After missing the 1999 championship at his home track, Leigh Adams was back to win his fifth Australian Championship taking him to outright second on the list of Australian Championship winners, just one behind the record held by the late Billy Sanders. Making it an all Victorian podium, Mark Lemon and Jason Lyons finished in second and third places after Lemon defeated Lyons in a runoff.

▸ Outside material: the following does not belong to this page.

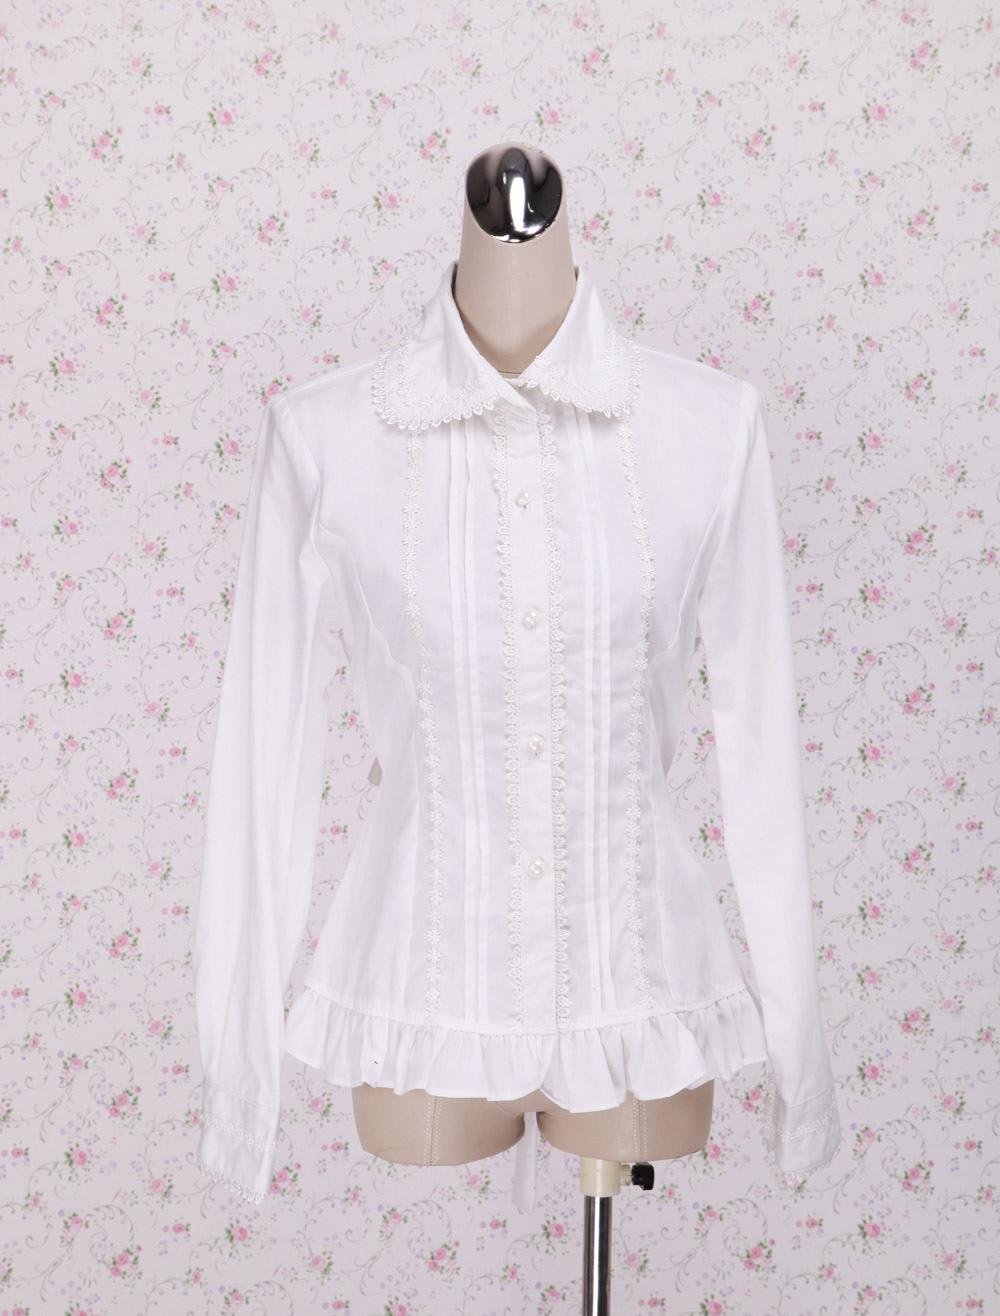 White Cotton Lolita Blouse Long Sleeves Waist Belt Ruffles Trim

Local rider and defending national champion Todd Wiltshire defeated Craig Watson to claim the final qualifying spot in the Overseas final.

== Final ==
- Australian Championship
- 5 February 2000
- Gosford, New South Wales - Gosford Speedway
- Qualification: The top four riders go through to the Overseas Final in Poole, England.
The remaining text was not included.